[DATASET ENTRIES]
##########

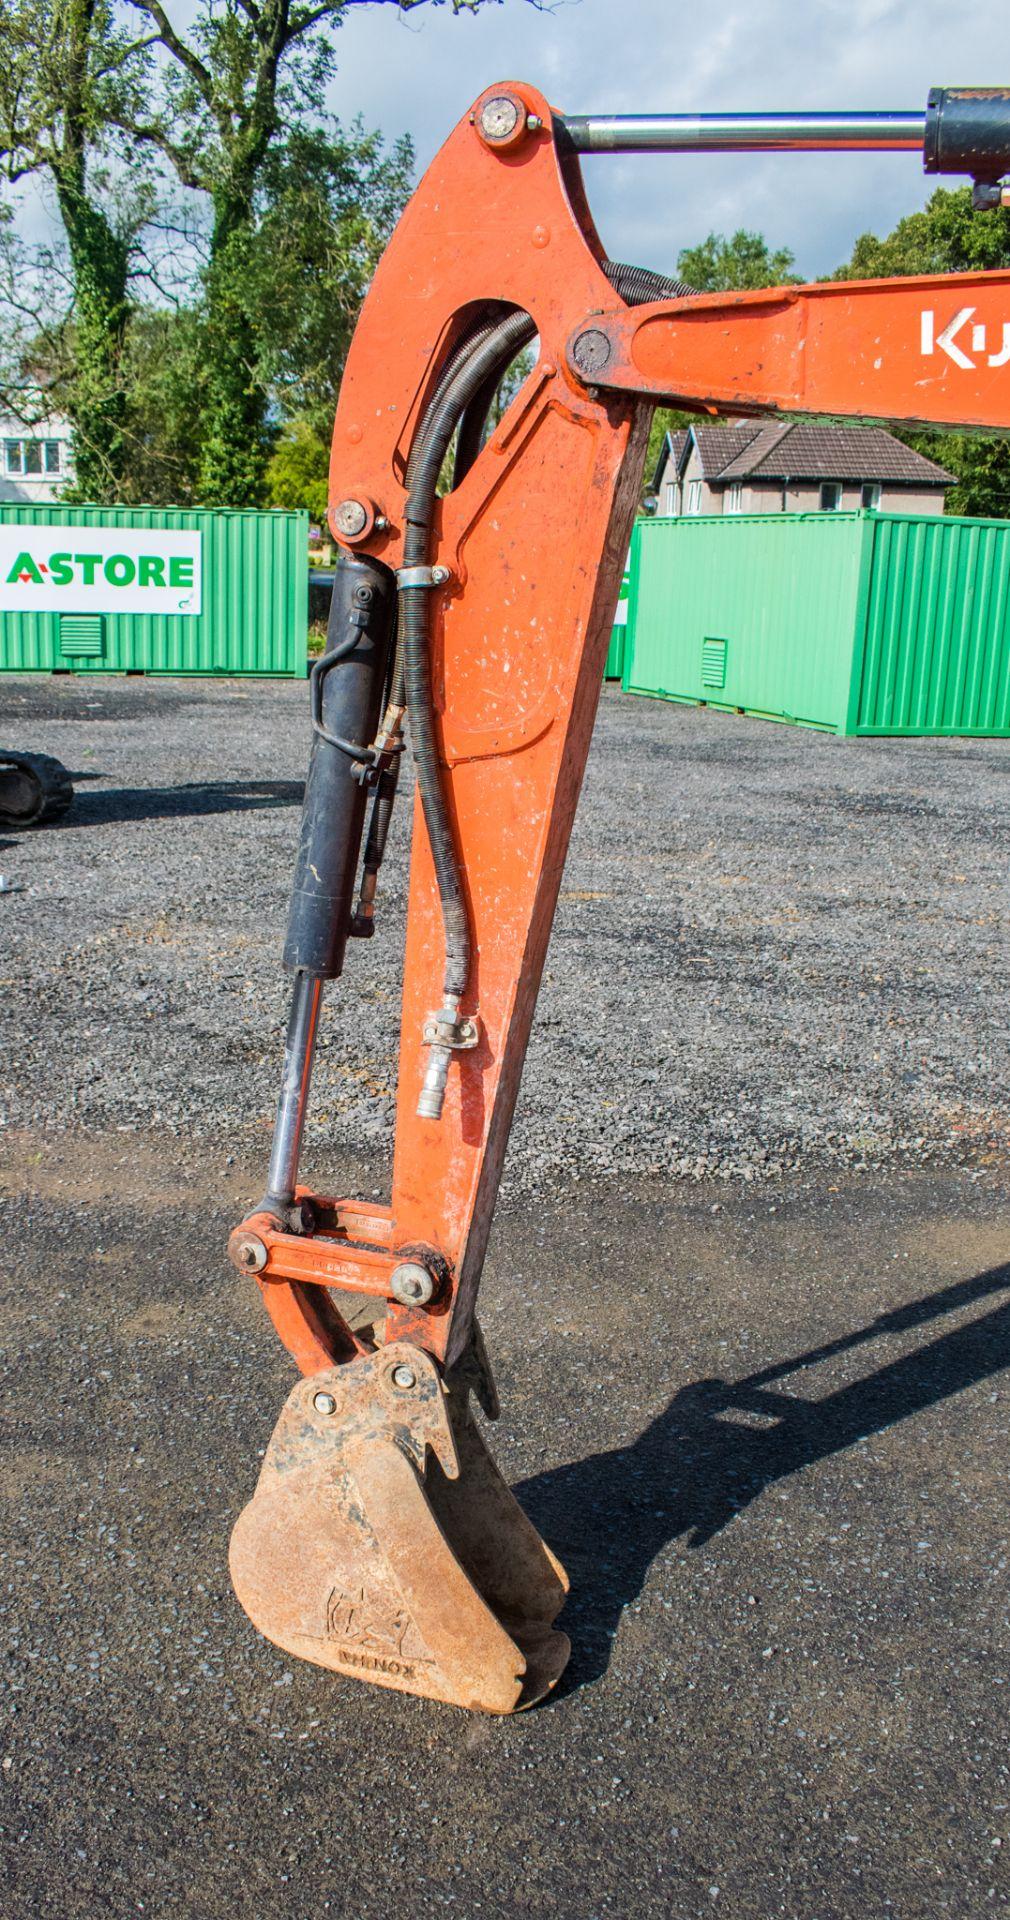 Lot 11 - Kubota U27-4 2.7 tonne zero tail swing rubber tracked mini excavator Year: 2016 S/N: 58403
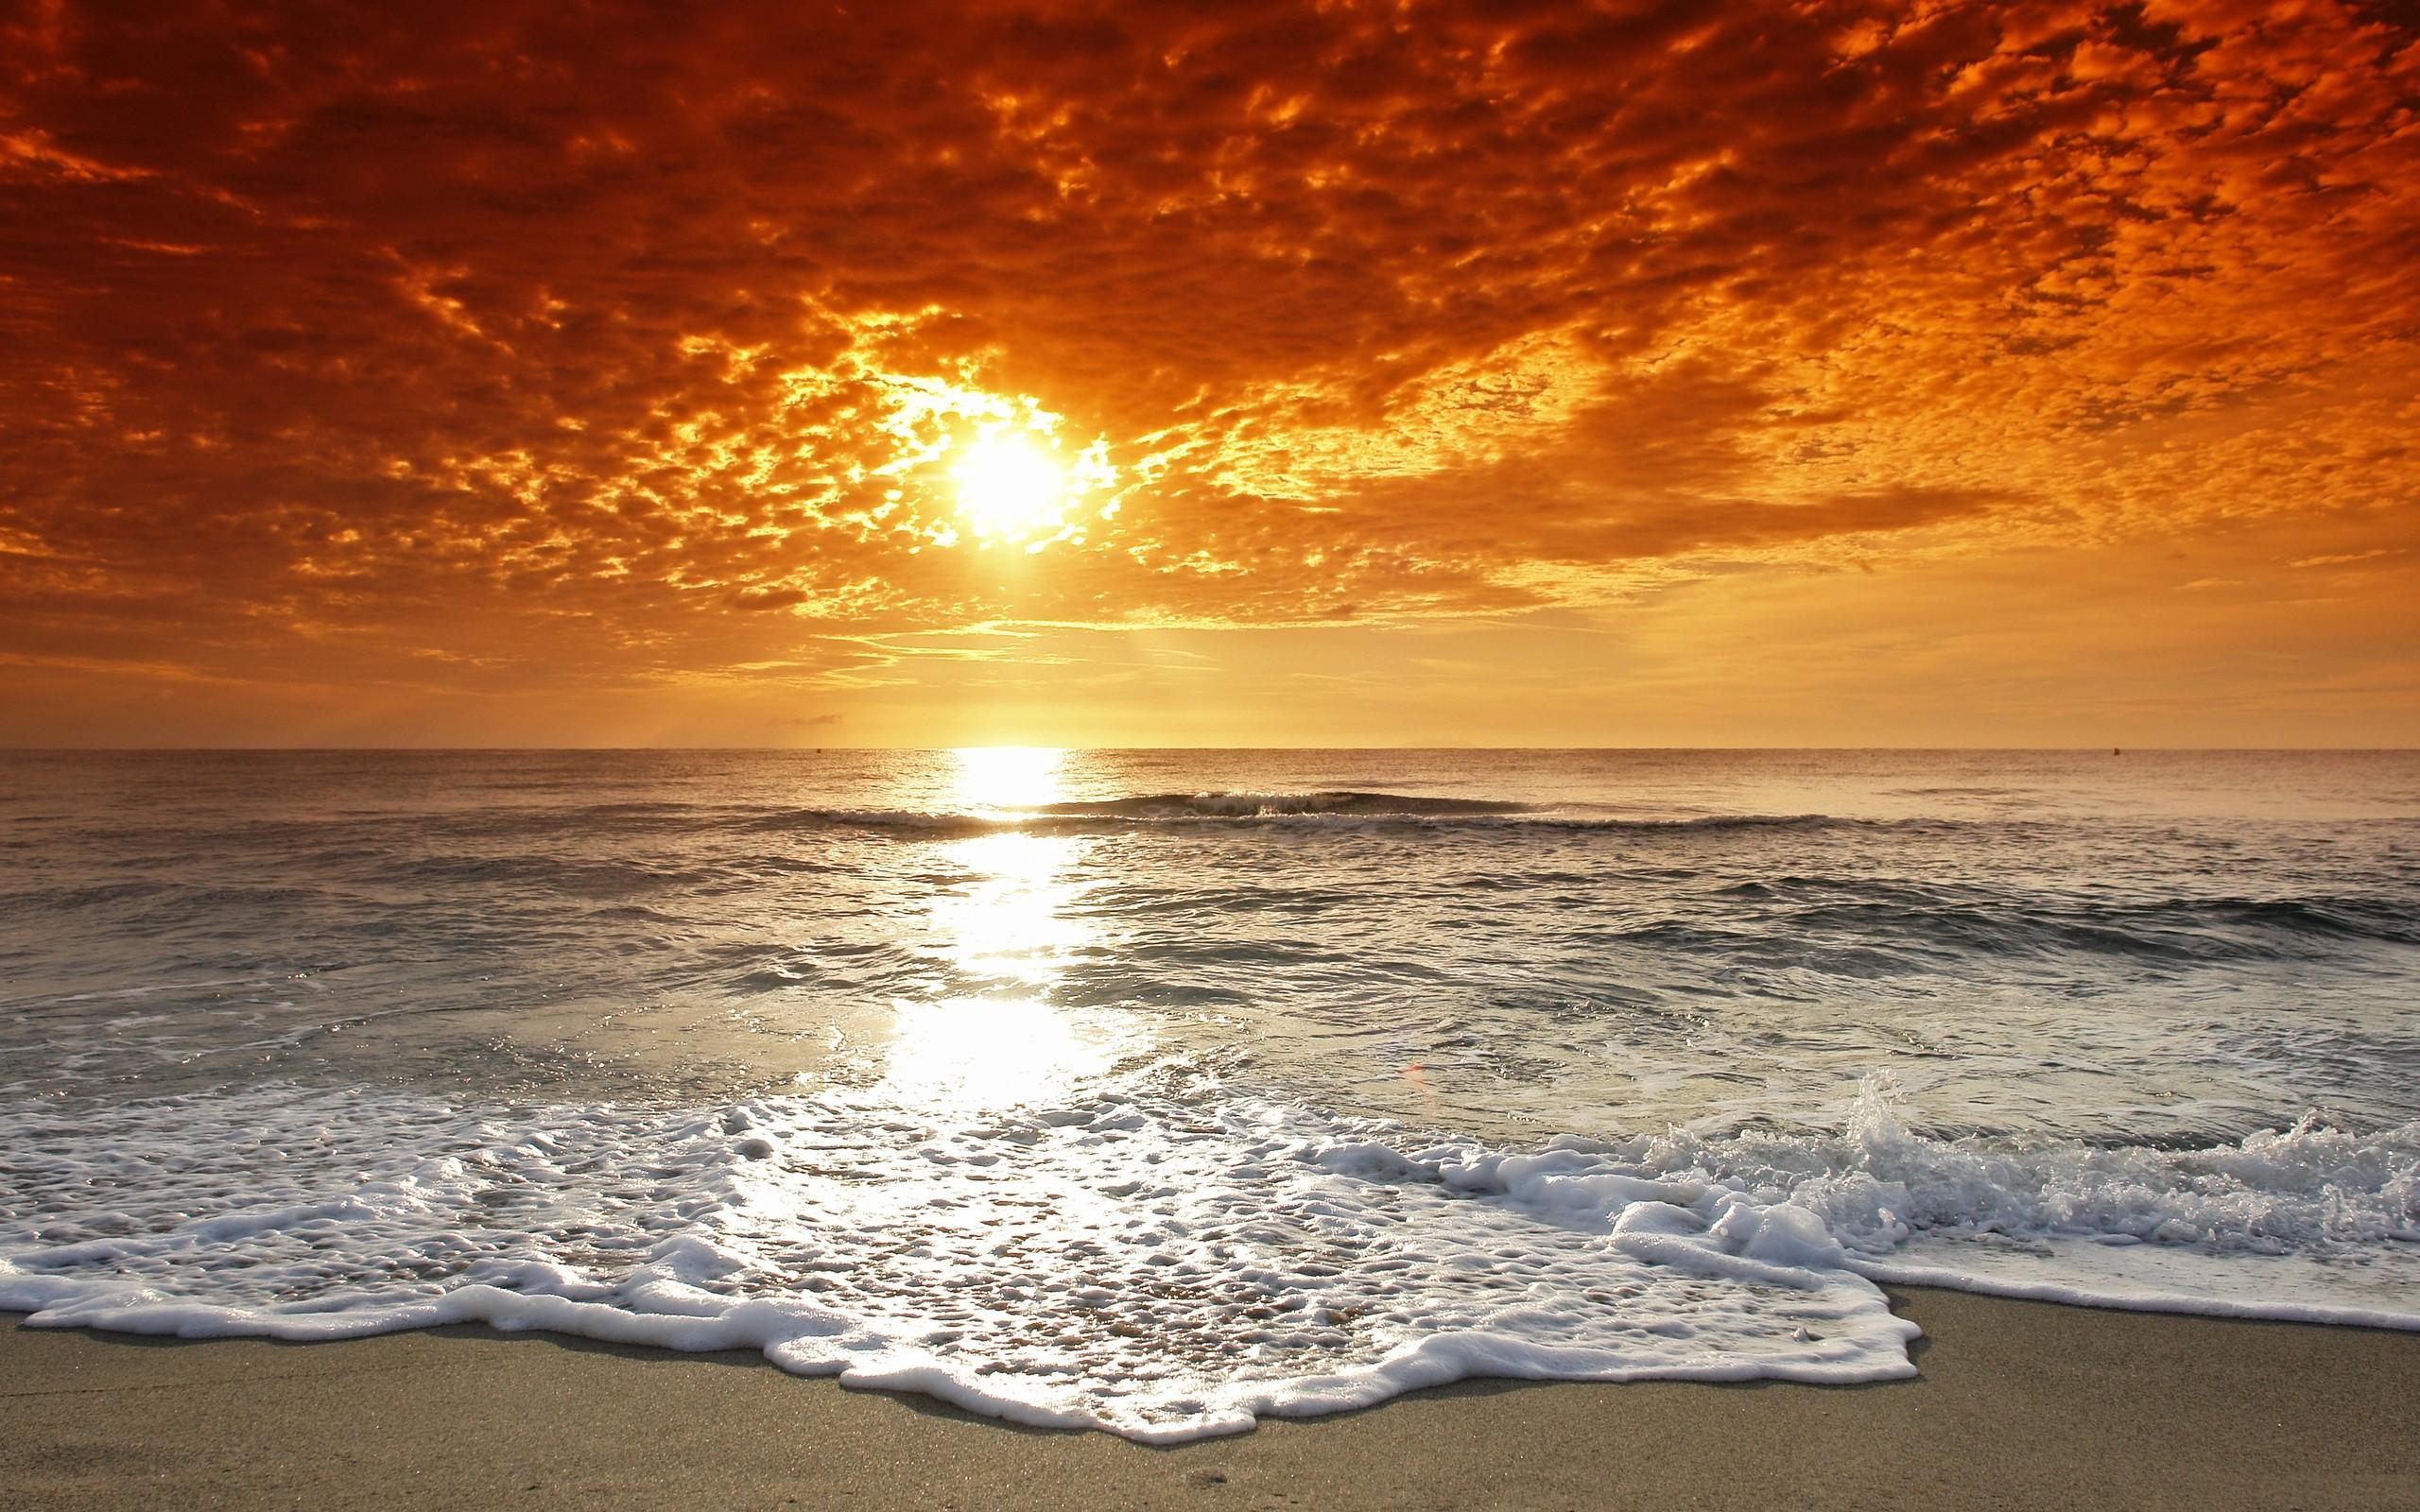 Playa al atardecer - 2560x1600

##########

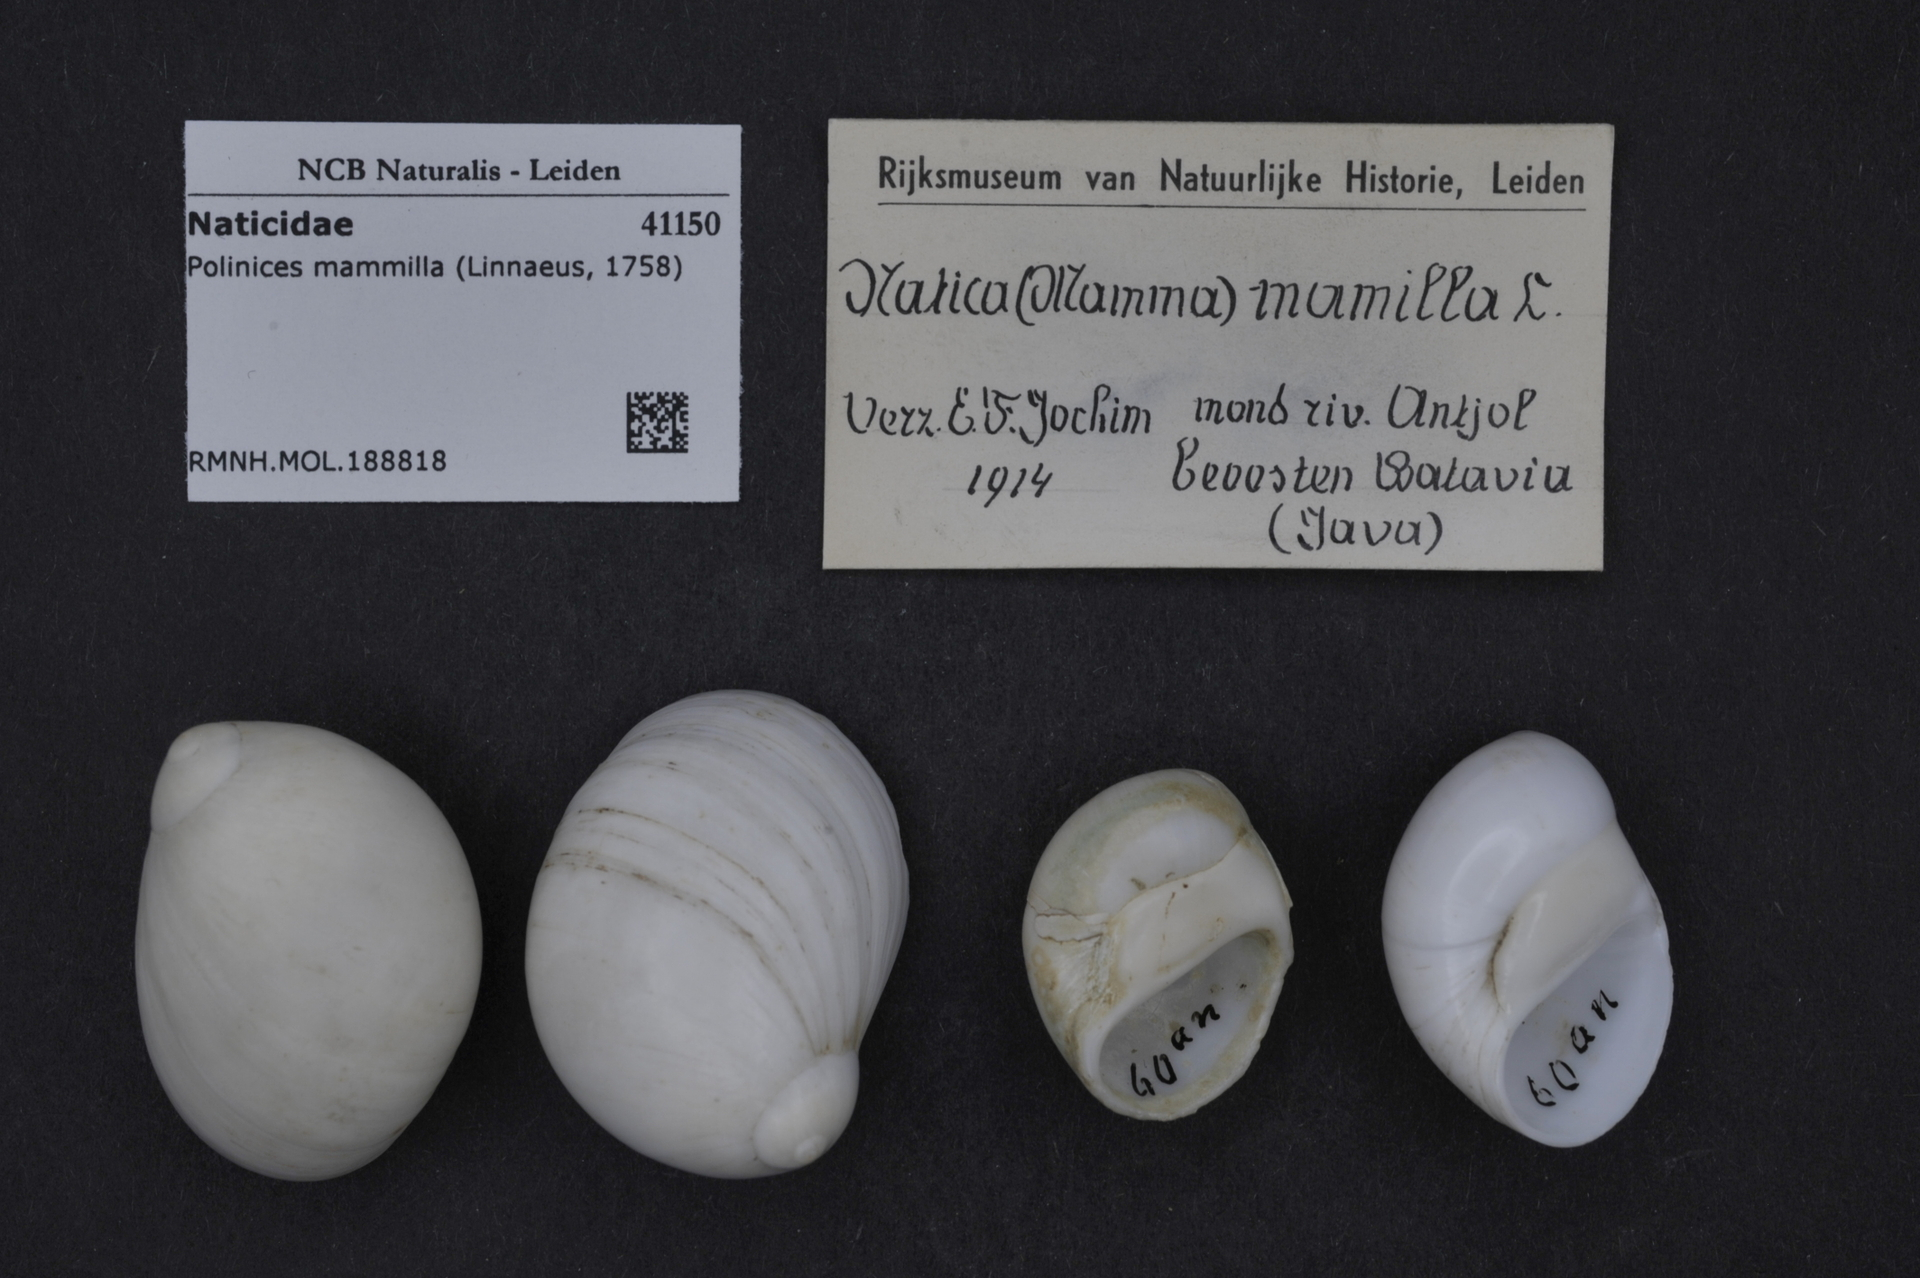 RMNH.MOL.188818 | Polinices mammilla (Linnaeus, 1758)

##########

[WHAT TO WORK ON] Extract the part of the records that opens with the line containing "Lot 11 - Kubota" and closes with the line containing "Playa al atardecer - 2560x1600". Take only those lines, exactly, and no pictures.

[REPLY]
 Lot 11 - Kubota U27-4 2.7 tonne zero tail swing rubber tracked mini excavator Year: 2016 S/N: 58403
 Playa al atardecer - 2560x1600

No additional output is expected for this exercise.